Just when I thought I knew how best to proceed, I then started to have more questions. @zozo said "Plant roots are rather adaptive, up to a microscopic level with rhizoids, as long there are nutrients you can grow plants on glass marbles or solely in the water* without substrate". That being the case, I firstly need something that satisfies requirement number [1] above. Something like JBL Manado would meet that need and I believe it will have a high CEC but @zozo says that "CEC is more of an issue with terrestrial botany. In aquatic systems the water-column can/will provide all it needs". But, I already have JBL Manado as that is what I'm currently using. At this point, I need to take a slight detour in my reasoning so please bear with me...
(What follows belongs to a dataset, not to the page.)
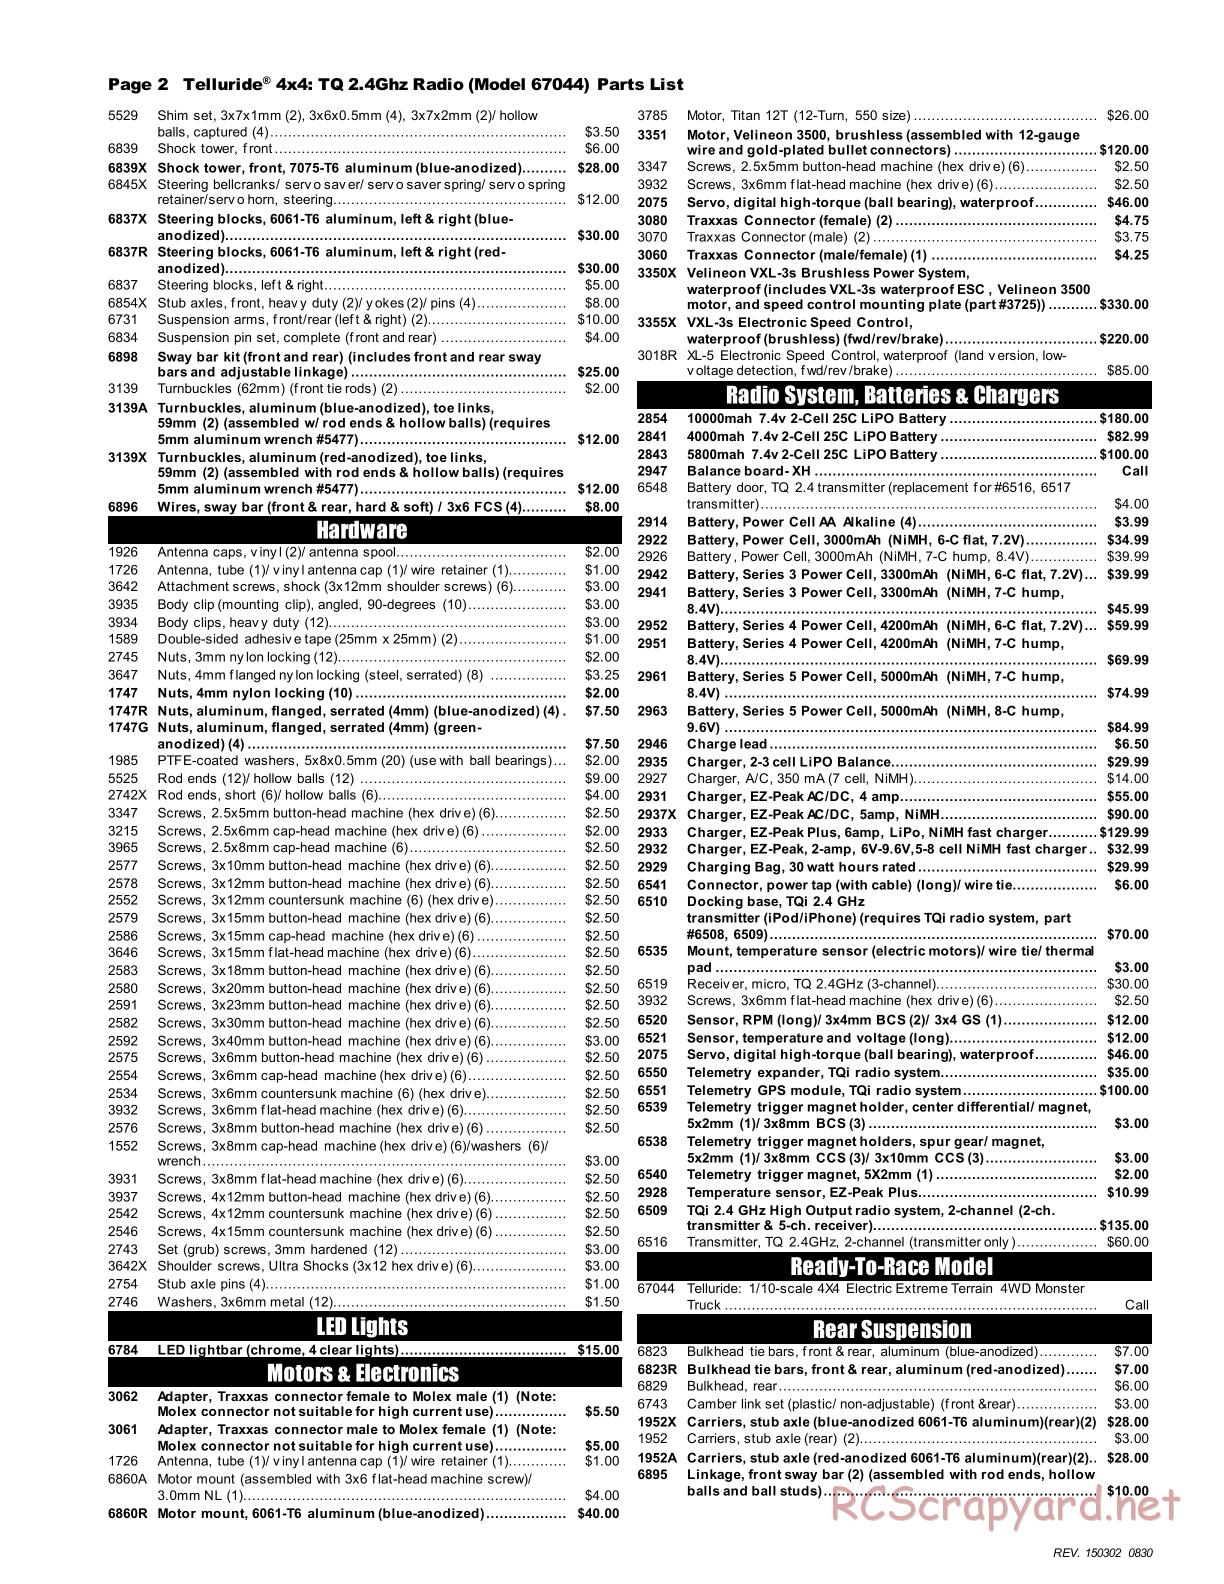 Traxxas - Telluride 4x4 (2013) - Parts List - Page 2

Isn't it easier to control the plant nutrient supply if the nutrients are being provided from just one source - the water column? If nutrients are being supplied by both the substrate and the water column, it must be a nightmare to control this. And how can one measure nutrients being supplied by the substrate? The test kits debate aside, it is at least possible to measure nutrients in the water column. For less experienced plant-growers like me, I often haven't a clue what is causing my plants to look 'off colour'. But if I can check for magnesium, for example, and it is non-existent, then that's better than guessing. Then I can add a dose of magnesium.

I am therefore moving away from the idea of using products like Tropica AS. But, please advise me otherwise if my logical mind is leading me astray.

All comments gratefully received.

* so that makes the idea of root feeders a myth, doesn't it?

JPC
 
Growing aquatic plants can be very straightforward and simple. There is no need to worry about controlling the nutrient supply or testing if you water column dose enough fertz to guarantee zero nutrient deficiencies. That's what eutrophic dosing methods like EI were designed for. This in turn leaves you free to pick a substrate that fits your requirements, in terms of practicalities, aesthetics, and budget; from inert sand to ADA AS and everything in between.

Personally, I usually use a nutritious substrate as well as dosing fertz. Although it's not essential plants can uptake nutrients through both leaves and roots so it just makes horticultural sense to feed both sites. It also gives you some wriggle room when it comes to missed doses and mistakes. But I have used inert sand before and the plants did just fine...

10575948724_b70ab7536d_b.jpg
 
There is no need to worry about controlling the nutrient supply or testing if you water column dose enough fertz to guarantee zero nutrient deficiencies. That's what eutrophic dosing methods like EI were designed for.

Hi @Tim Harrison

For me, the EI Method is not an option. 50% water changes on a weekly basis are unworkable. Thirty years ago, it may have been different. But, physically, I wouldn't be able to lug around umpteen kilograms of water every week. I have my health to consider. But, thanks for the suggestion.